The formulation of polymeric nanocomposites via the inclusion of nanoscale filler particles often leads to dramatic improvements in material performance.  The introduction of inorganic nanoparticles creates vast amounts of particle-polymer surface area and particle-polymer interactions, as well as physical confinement effects, can produce substantial changes in the character of the polymer matrix that correlate with the resulting composite properties.  By controlling particle dispersion and the nature of polymer-particle interactions, it is possible to tailor materials to achieve enhanced macroscopic performance for a variety of applications.  In this project, we seek to exploit recent discoveries revealing that the inclusion of nanoscale particles results in marked improvement in the performance of rubbery gas separation membranes, as manifested by significantly increased permeability.  Working with Prof. Benny Freeman at the University of Texas at Austin, we have undertaken a fundamental study to identify the chemical and physical factors that govern nanocomposite morphology in model rubbery and glassy membrane systems and their relation to gas transport properties.  Of particular interest is the influence of particle-polymer interactions and local confinement effects on the dynamics of the polymer matrix, and the potential correlation of polymer relaxation behavior with the resultant permeability and selectivity of the composite membrane.

Initial activities have focused on the preparation and characterization of two model nanocomposite membrane systems based on rubbery and glassy polymers, respectively.  Rubbery nanocomposite networks were prepared by UV photopolymerization of poly(ethylene glycol) diacrylate [PEGDA] in the presence of varying loadings of MgO nanoparticles (nominal particle size of 3 nm).  Polymer networks based on crosslinked PEO have been shown to be effective for the removal of carbon dioxide from light gas mixtures, and we have previously undertaken an extensive study of the dynamics and gas transport properties of these (unfilled) materials as a function of network composition and architecture.  For the nanocomposites, the liquid pre-polymerization mixture was prepared by conventional mixing methods, as well as by planetary mixing.  At higher loadings, particle dispersion was enhanced by the introduction of toluene in selected cases, and the influence of the diluent on the characteristics of the crosslinked network and resulting composites was assessed.  Dynamic mechanical and dielectric studies performed on the PEGDA/MgO nanocomposites revealed the emergence of a second, distinct glass-rubber relaxation event displaced ~ 40°C above Tg of the native network, suggesting the presence of a sub-population of constrained chain segments impeded by their proximity to the nanoparticle surface.  A similar behavior was observed for model glassy nanocomposites prepared via the solution casting of mixtures based on polyetherimide [PEI] and silica nanoparticles.  In the latter case, modified silica particles with varying surface characteristics were introduced, and the emergence of a second Tg at elevated temperature was correlated with the nature of the polymer-particle interaction.  Full characterization of the observed dual Tg behavior, and its relation to nanocomposite morphology, is ongoing.
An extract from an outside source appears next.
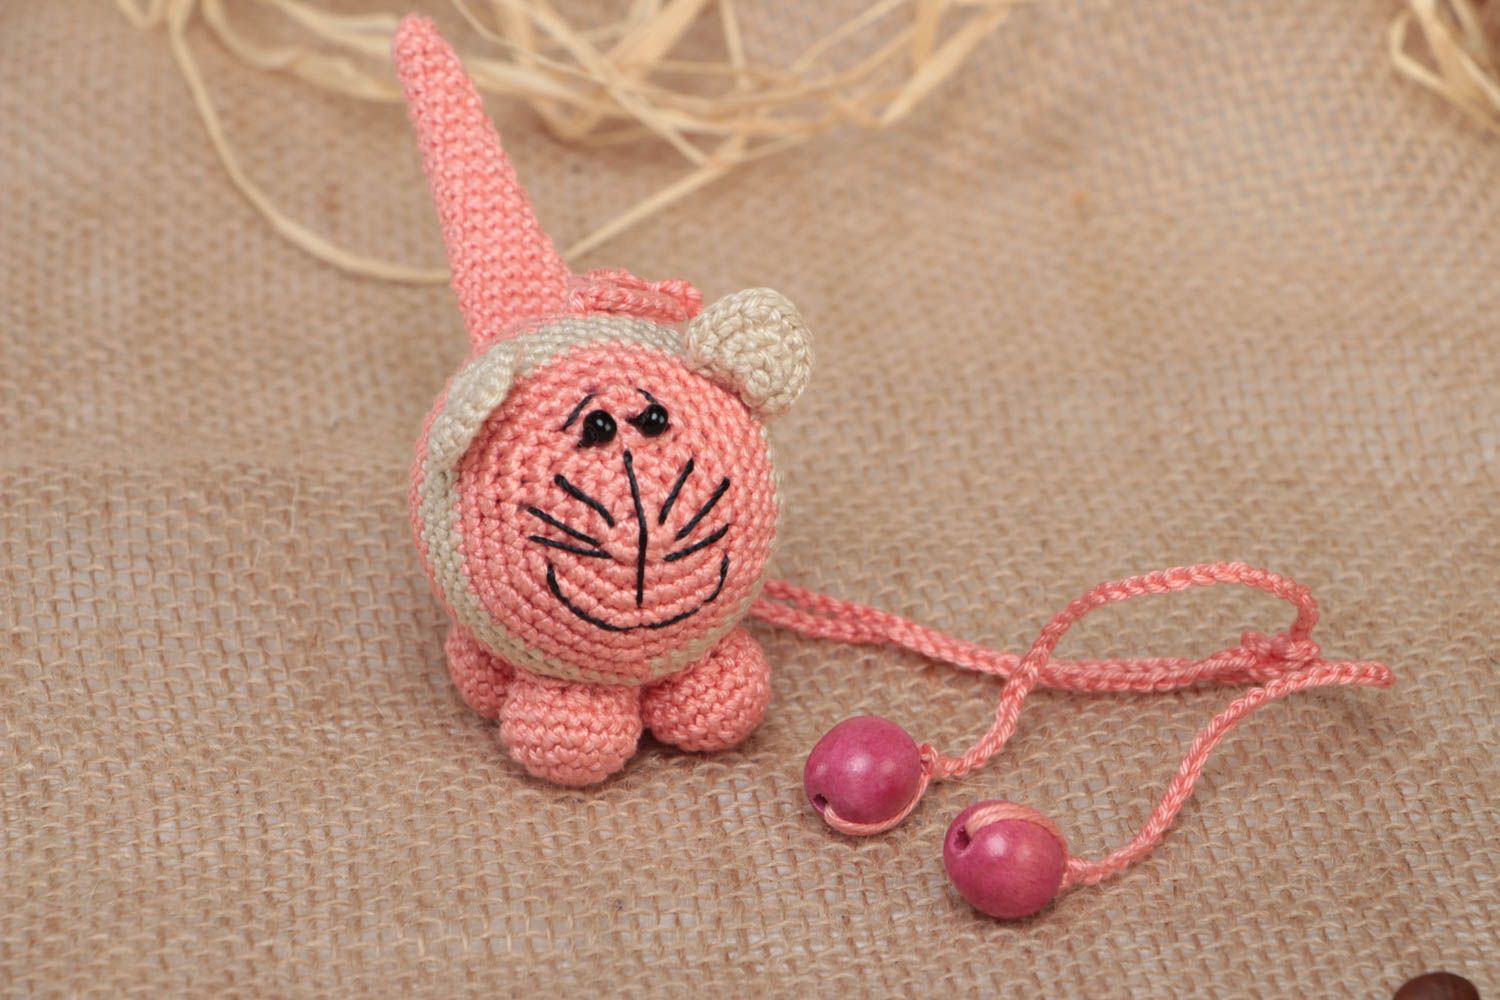 Crocheted cotton rattle small pink cat handmade toy for children and nursery photo 1
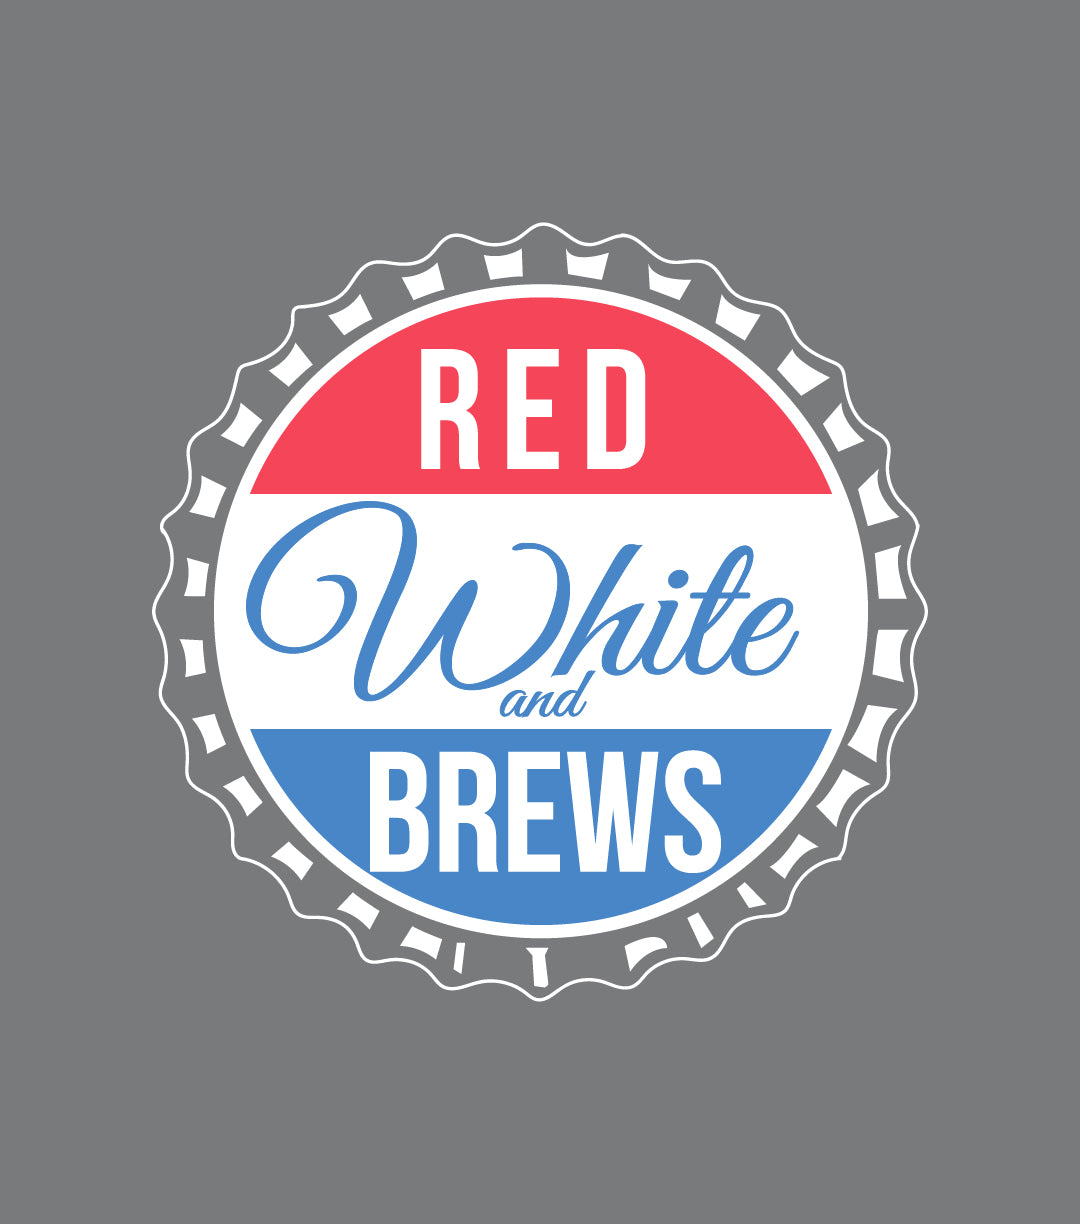 RED WHITE AND BREWS MEN'S TSHIRT

A key consideration for the interpretation of both the thermomechanical and transport behavior of these materials is the quality of the nanoparticle dispersion.  Bulk density measurements on the PEGDA/MgO nanocomposites have indicated density values at higher MgO loadings that are well below those anticipated based on simple volume additivity.  Comparable trends have been observed for MgO-filled nanocomposites based on 1,2-polybutadiene, as reported by Freeman et al.  The negative deviation in bulk density implies that a significant amount of void volume fraction or enhanced free volume is incorporated into the nanocomposites; in the case of PEGDA/MgO, the degree of void incorporation is a function of the pre-polymerization mixing details.  Preliminary PALS measurements on the PEGDA/MgO material (performed by Dr. Anita Hill at CSIRO, Australia) suggest that the sizescale associated with the incorporated void volume exceeds the resolution limit of the PALS technique (i.e., > 5 nm diameter).  X-ray phase contrast ultramicroscopy studies, also performed at CSIRO, confirmed the presence of a sizeable void fraction, and the dimensions and distribution of the voids presumably have significant ramifications for the observed transport properties.  Activities in the next phase of the project will include detailed evaluation of the morphology obtained in the nanocomposites, as well as a comprehensive study of gas transport.